Cottage Scenery is one of four paintings by George Caleb Bingham accepted for display at the 1845 exhibition of the American Art-Union, a pioneering organization in the promotion of contemporary American art. Bingham’s first submissions to the Art-Union, these works also were among his earliest forays into the western subject matter that would preoccupy him for more than a decade; the group also included the iconic river picture Fur Traders Descending the Missouri (1845, Metropolitan Museum of Art).  The bucolic scene of farmers before their cottage—sheltered by leafy trees and overlooking pasturing cows, a lake or river, and distant hills—resembles the rustic settlements the artist knew as a youth in rural Missouri. In composing the work, Bingham seems to have taken to heart a statement in the Art-Union’s 1844 annual report.
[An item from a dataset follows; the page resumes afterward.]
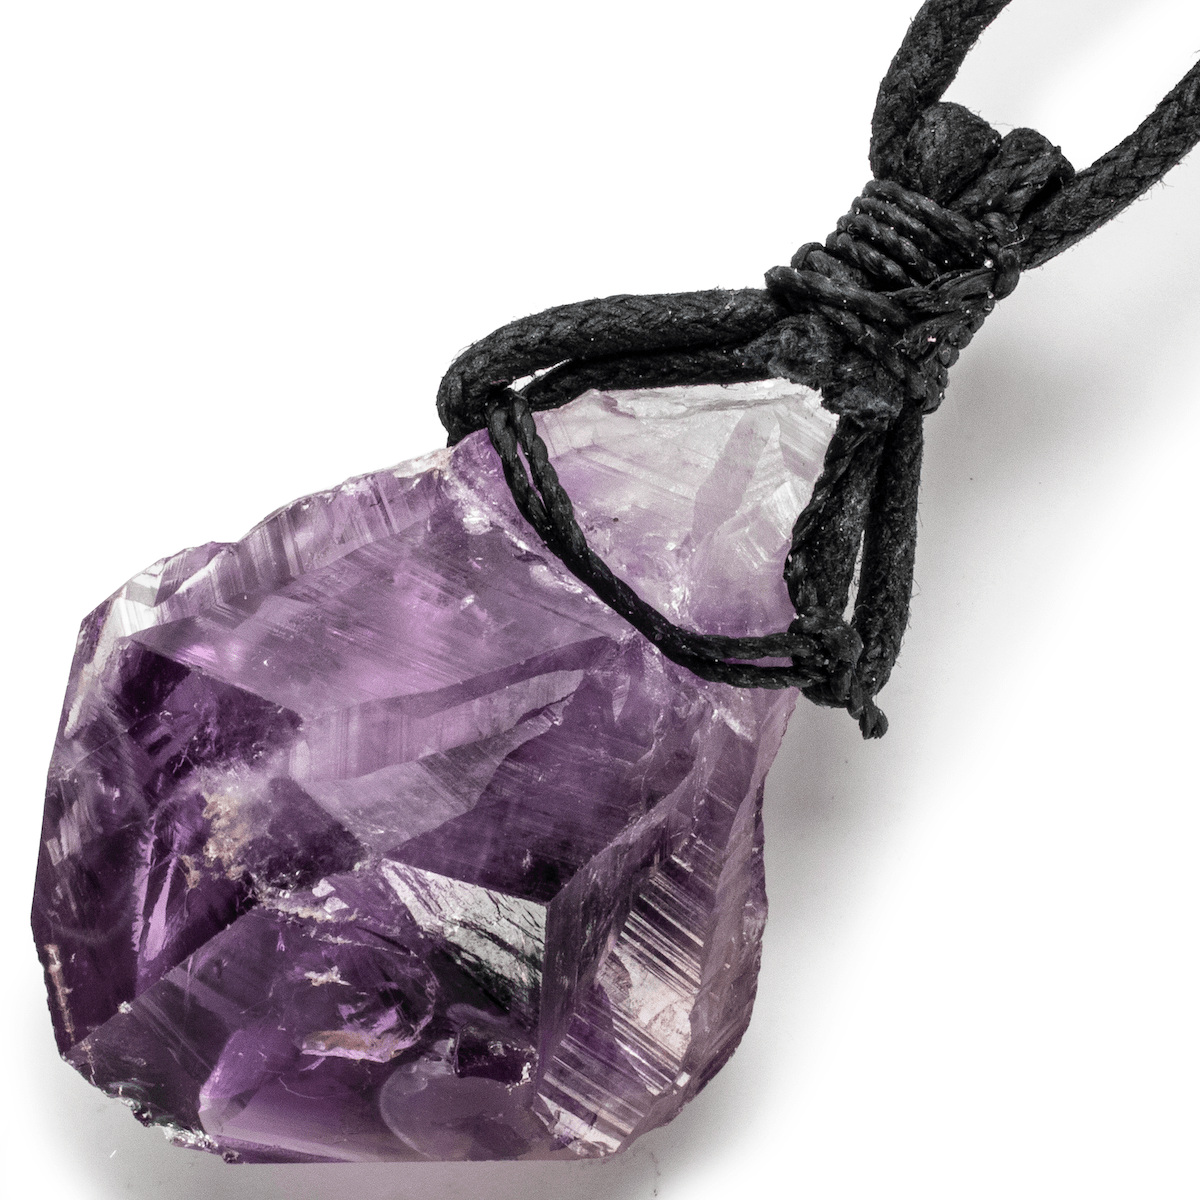 Amethyst Point Necklace for All - Elegance & Healing | Luck Strings

Encouraging American artists to create landscape paintings in order to satisfy the organization’s largely urban membership, the document stated that “those who cannot afford a seat in the country . . . may at least have a country seat in the parlors; a bit of landscape with a green tree, a distant hill, or low-roofed cottage.”
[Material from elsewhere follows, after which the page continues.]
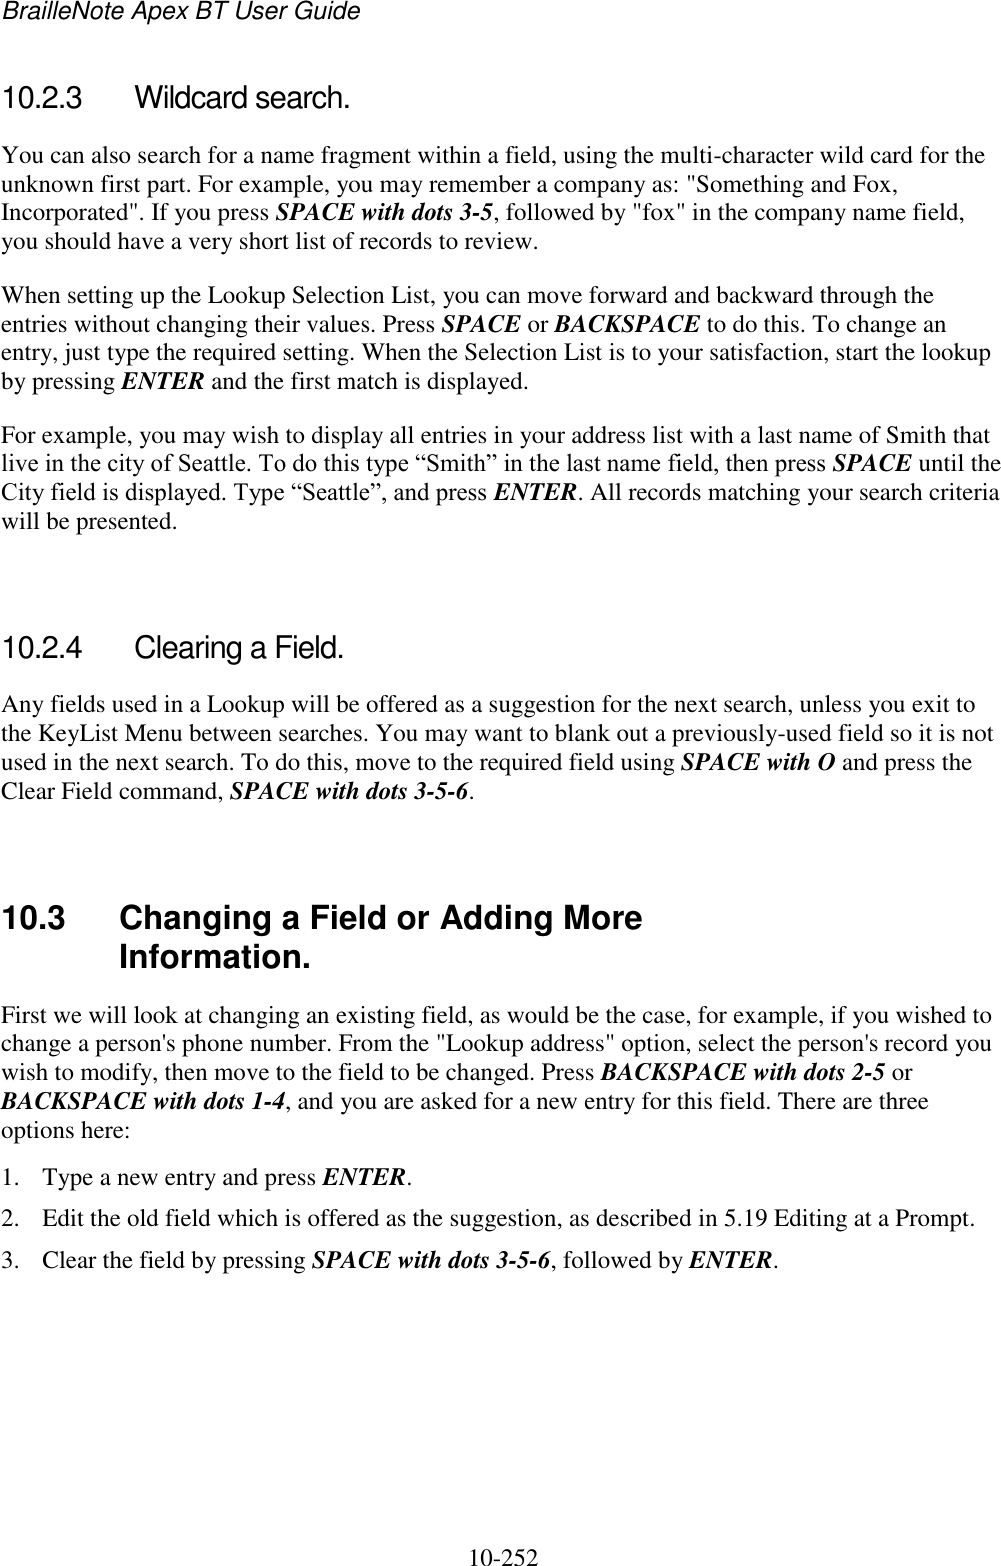 BrailleNote Apex BT User Guide   10-252   10.2.3  Wildcard search. You can also search for a name fragment within a field, using the multi-character wild card for the unknown first part. For example, you may remember a company as: &quot;Something and Fox, Incorporated&quot;. If you press SPACE with dots 3-5, followed by &quot;fox&quot; in the company name field, you should have a very short list of records to review. When setting up the Lookup Selection List, you can move forward and backward through the entries without changing their values. Press SPACE or BACKSPACE to do this. To change an entry, just type the required setting. When the Selection List is to your satisfaction, start the lookup by pressing ENTER and the first match is displayed. For example, you may wish to display all entries in your address list with a last name of Smith that live in the city of Seattle. To do this type “Smith” in the last name field, then press SPACE until the City field is displayed. Type “Seattle”, and press ENTER. All records matching your search criteria will be presented.   10.2.4  Clearing a Field. Any fields used in a Lookup will be offered as a suggestion for the next search, unless you exit to the KeyList Menu between searches. You may want to blank out a previously-used field so it is not used in the next search. To do this, move to the required field using SPACE with O and press the Clear Field command, SPACE with dots 3-5-6.   10.3  Changing a Field or Adding More Information. First we will look at changing an existing field, as would be the case, for example, if you wished to change a person&apos;s phone number. From the &quot;Lookup address&quot; option, select the person&apos;s record you wish to modify, then move to the field to be changed. Press BACKSPACE with dots 2-5 or BACKSPACE with dots 1-4, and you are asked for a new entry for this field. There are three options here: 1. Type a new entry and press ENTER. 2. Edit the old field which is offered as the suggestion, as described in 5.19 Editing at a Prompt. 3. Clear the field by pressing SPACE with dots 3-5-6, followed by ENTER. 
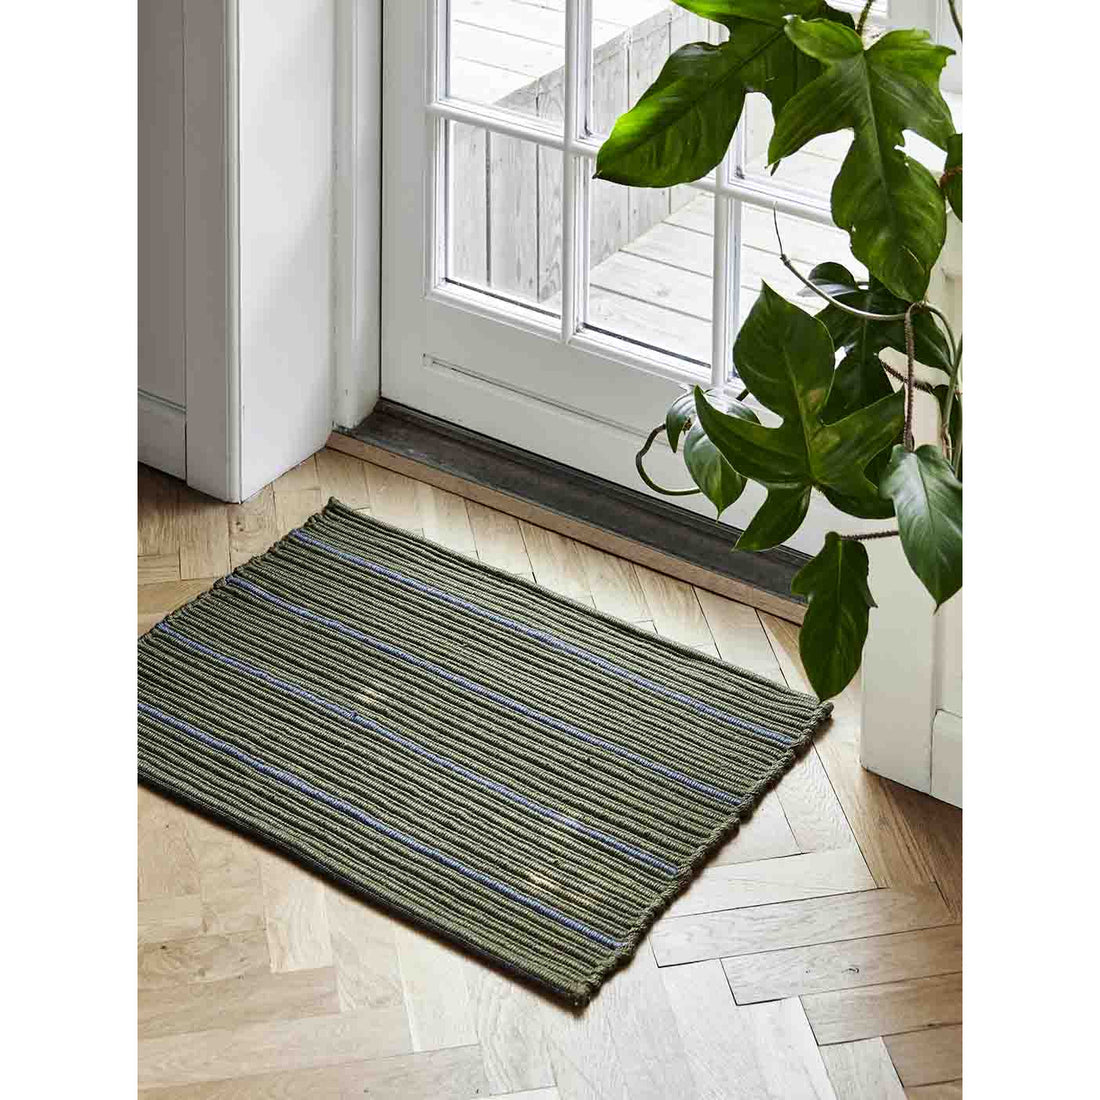 Stripe doormat 50x72 cm - olive/blue - recycled polyester

A largely self-taught painter who began his career as a portraitist, Bingham here blends landscape and genre, and as such hints at a transition occurring in his career.  The trio of figures in conversation enlivening the picturesque view suggests his growing interest in genre scenes, developed as a result of his contemporary William Sidney Mount’s success in that arena.
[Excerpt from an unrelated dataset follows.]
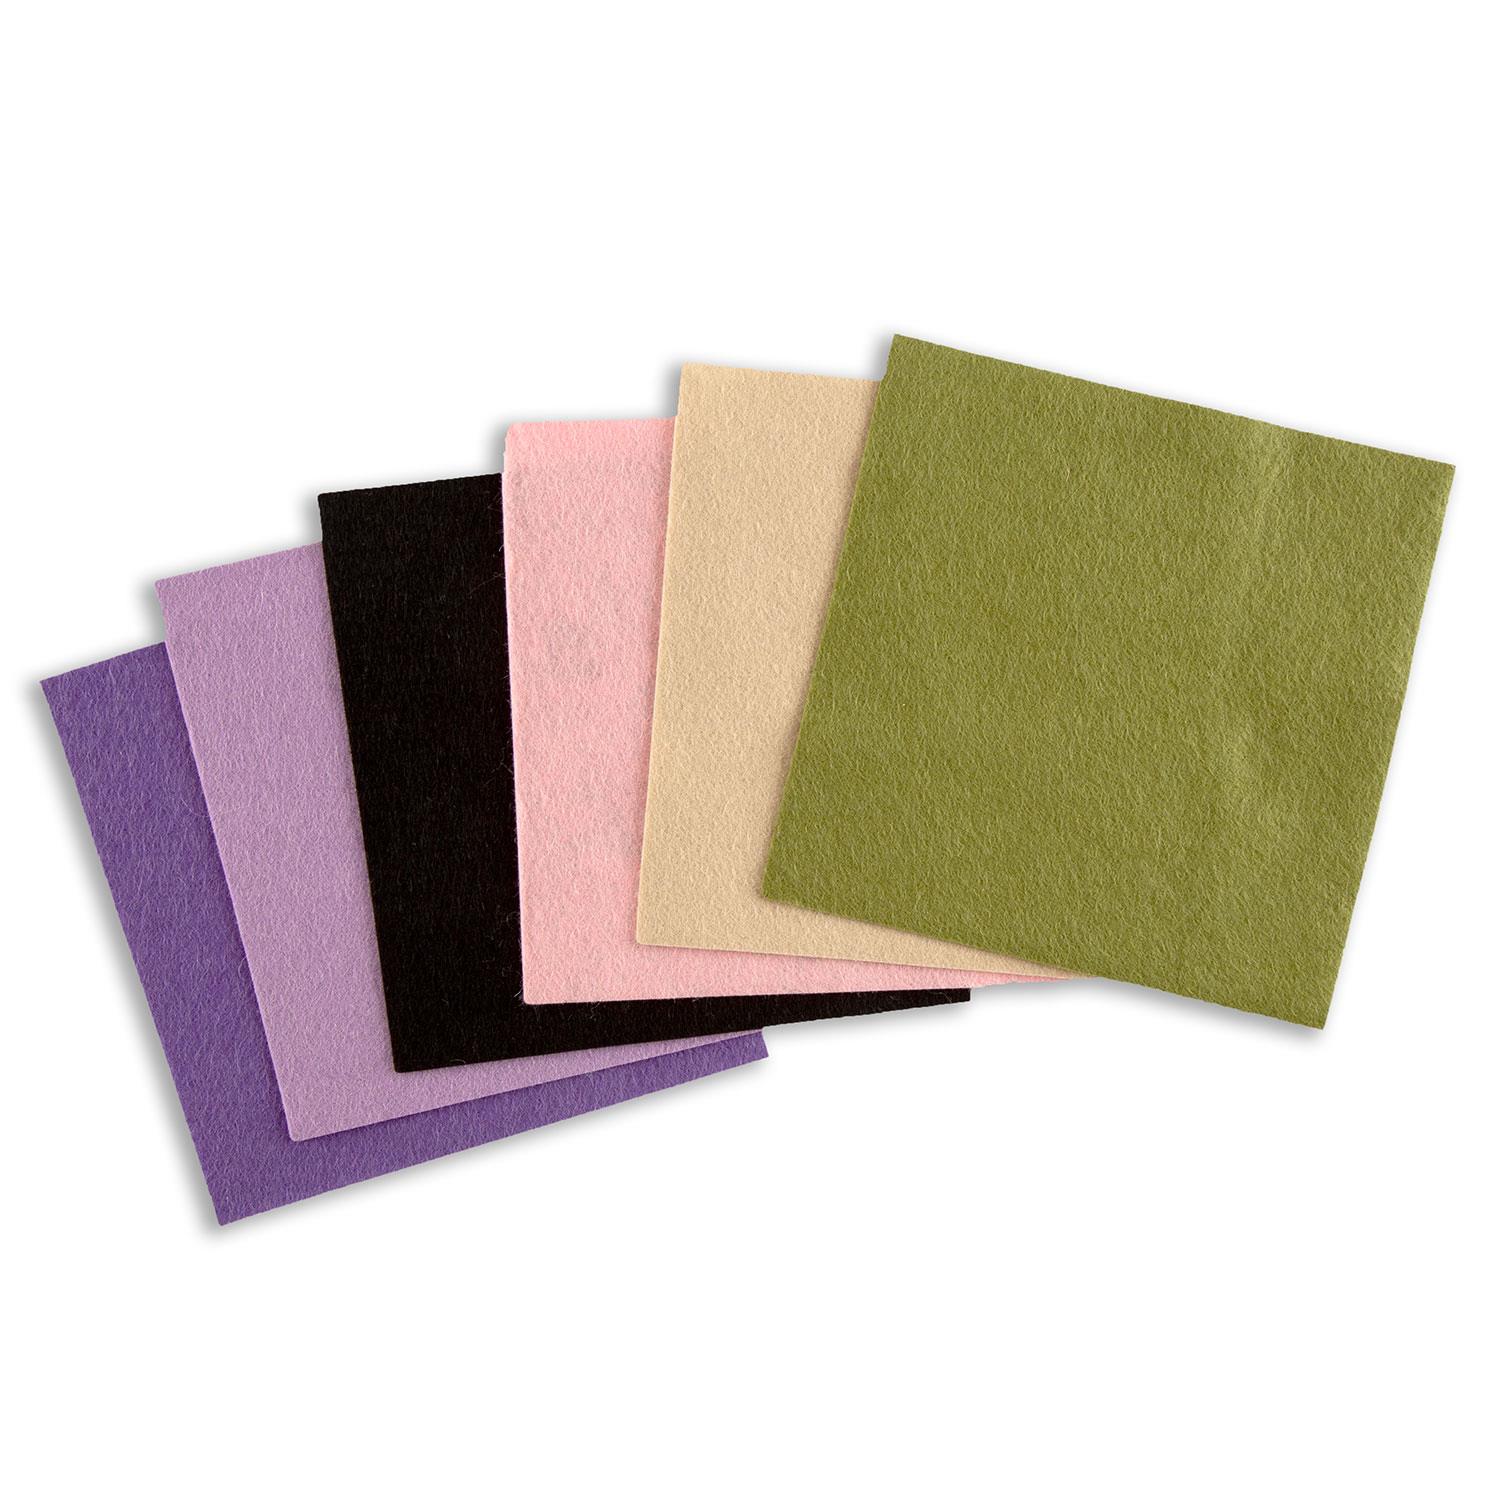 Felt by Clarity Pack of 6 Non-Adhesive Mixed Colour Felt 6x6" Squares Pick N Mix - Pick Any 2 - Funky Flower

Like his masterpieces The Jolly Flatboatmen and Fur Traders Descending the Missouri, Cottage Scenery was purchased by the Art-Union directly from Bingham. Through a lottery, the progressive organization guaranteed its members a chance to win one of the original paintings featured in its annual exhibition. It also popularized those paintings by distributing thousands of prints of them to its members across the country. John D. Carhart of Macon, Georgia, was the recipient of this canvas, which remained in his family for more than 100 years.

Inscription

lower left: G. C. Bingham

Provenance

Purchased 1845 from the artist by the American Art Union, New York; won 1845 by James D. Carhart, Macon, Georgia; by descent through the Carhart family; (Berry–Hill Galleries, New York); purchased 1960 by Lawrence A. Fleischman, Detroit; (Kennedy Galleries, New York); purchased 1961 by the Corcoran Gallery of Art, Washington; acquired 2014 by the National Gallery of Art.

Associated Names

Corcoran Gallery of Art

Exhibition History

1845
American Art Union, New York, 1845, no. 98.
1961
Romantic America, John Herron Art Institute, Indianapolis,1961, no. 4.
1967
George Caleb Bingham, 1811-1879, National Collection of Fine Arts, Washington; Cleveland Museum of Art; Art Galleries, University of California, Los Angeles, 1967-1968, no. 12.
1976
Corcoran [The American Genuis], Corcoran Gallery of Art, Washington, 1976, unnumbered catalogue.
1990
George Caleb Bingham, Saint Louis Art Museum, National Gallery of Art, Washington, 1990, no. 2.
1993
The Century Club Collection, Corcoran Gallery of Art, Washington, 1993, unpublished checklist.
2008
The American Evolution: A History through Art, Corcoran Gallery of Art, Washington, 2008, unpublished checklist.
2013
American Journeys: Visions of Place, Corcoran Gallery of Art, Washington, 21 September 2013-28 September 2014, unpublished checklist.

Bibliography

2011
Shapiro, Emily Dana. "George Caleb Bingham, Cottage Scenery." In Corcoran Gallery of Art: American Paintings to 1945. Edited by Sarah Cash. Washington, 2011: 88-89, 260, repro.